Problem to work on =
For this task, output exactly the lines of the material below starting at the line with "m 7 Nivel Planta" and ending at the line with "インフレーション合図ボランティア◆MusicLab REAL ALL"; pictures are to be excluded.

**** Data shown ****

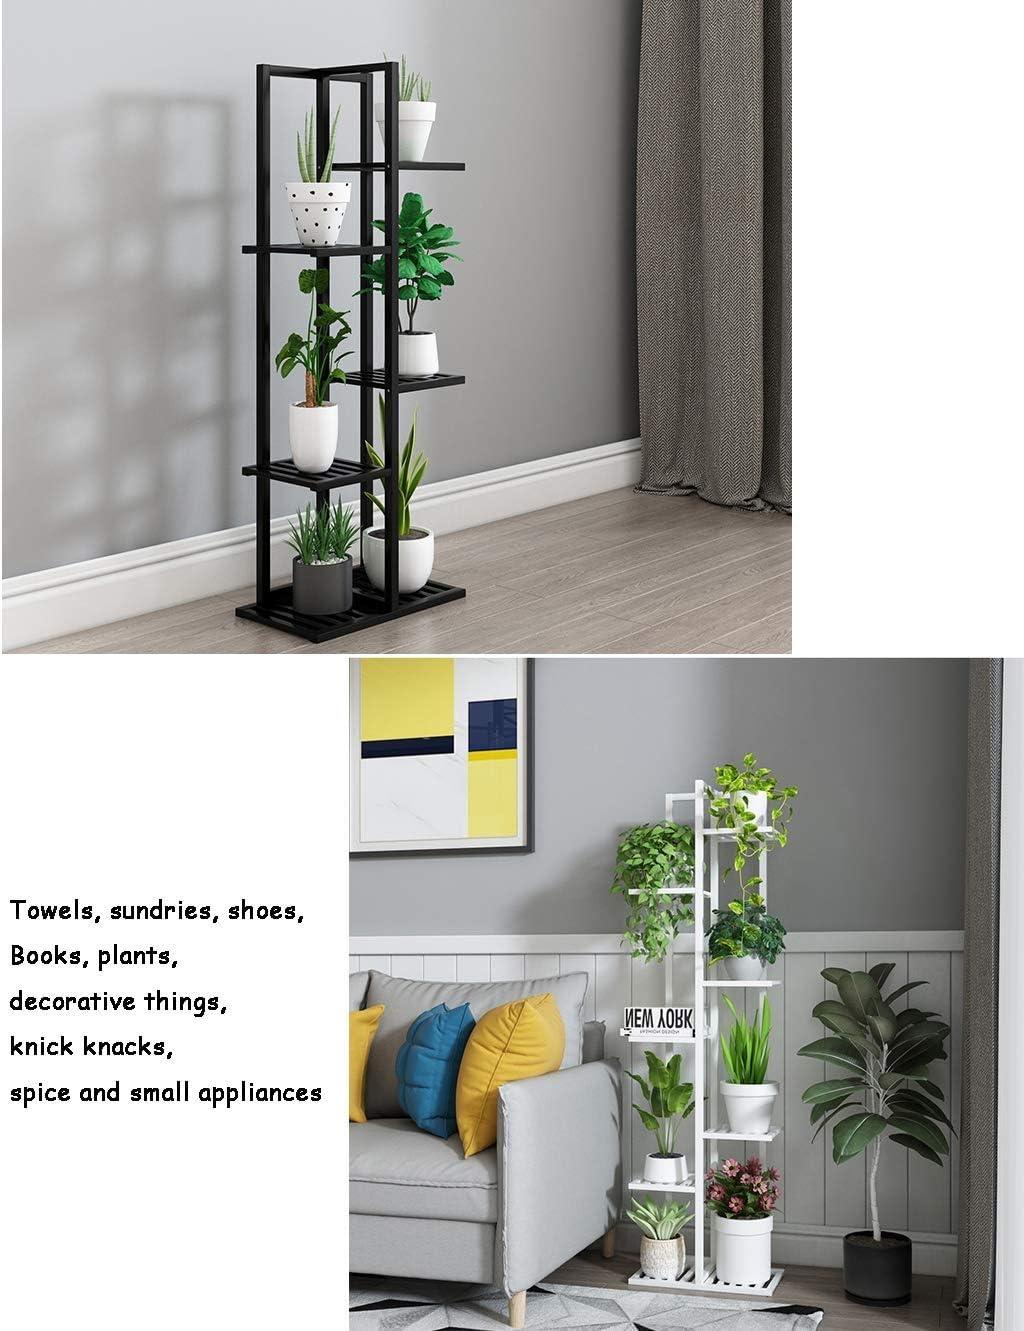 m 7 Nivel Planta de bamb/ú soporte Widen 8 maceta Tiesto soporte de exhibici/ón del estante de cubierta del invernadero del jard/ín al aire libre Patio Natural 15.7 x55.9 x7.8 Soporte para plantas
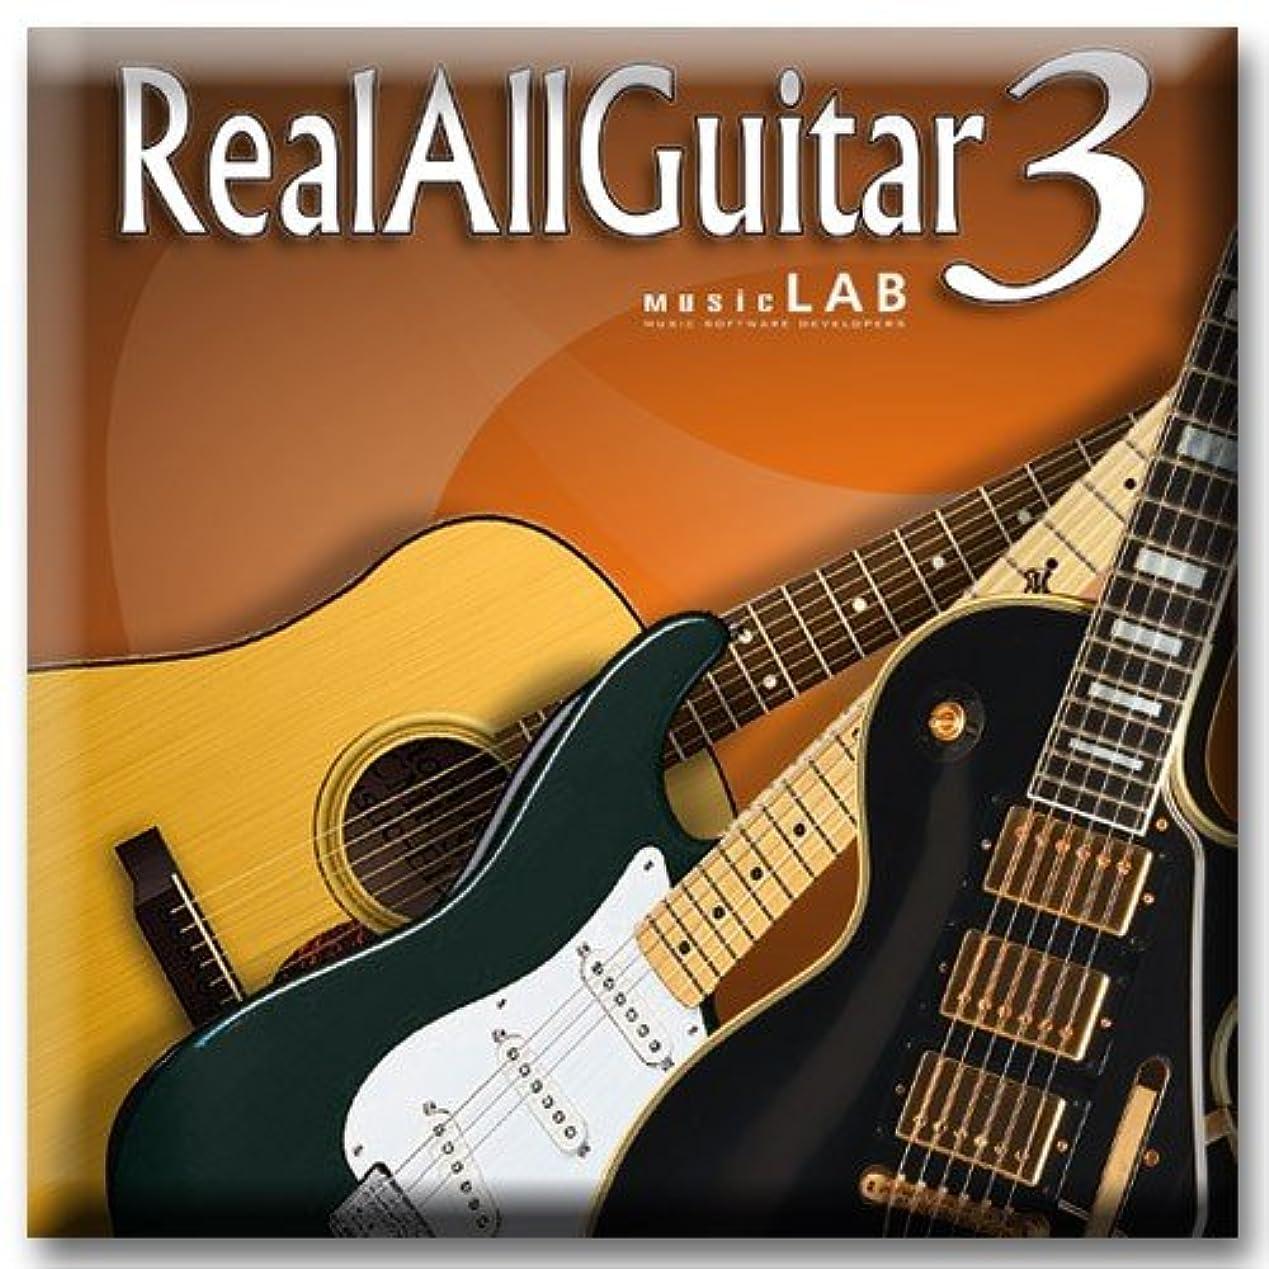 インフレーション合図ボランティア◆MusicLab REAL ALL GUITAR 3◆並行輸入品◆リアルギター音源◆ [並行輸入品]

****
**** Data shown ****

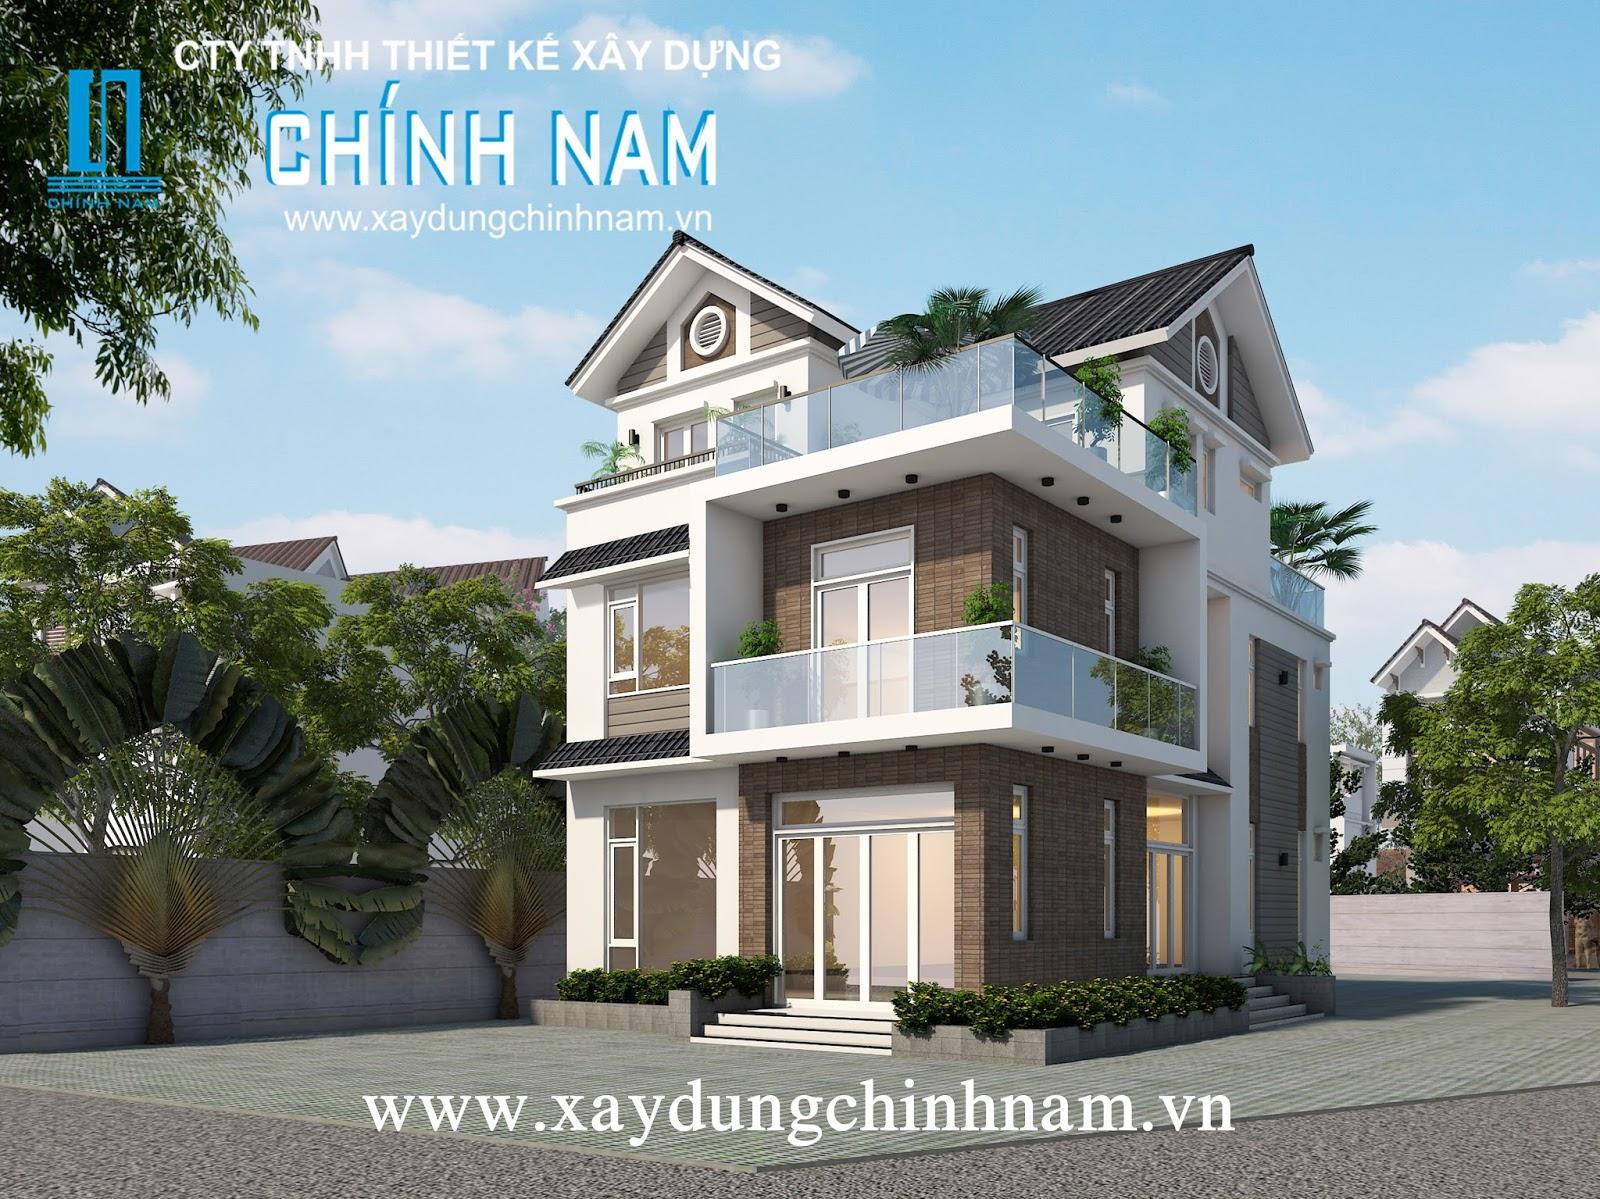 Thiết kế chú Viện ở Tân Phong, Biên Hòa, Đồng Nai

****

Answer to the problem =
 m 7 Nivel Planta de bamb/ú soporte Widen 8 maceta Tiesto soporte de exhibici/ón del estante de cubierta del invernadero del jard/ín al aire libre Patio Natural 15.7 x55.9 x7.8 Soporte para plantas
 インフレーション合図ボランティア◆MusicLab REAL ALL GUITAR 3◆並行輸入品◆リアルギター音源◆ [並行輸入品]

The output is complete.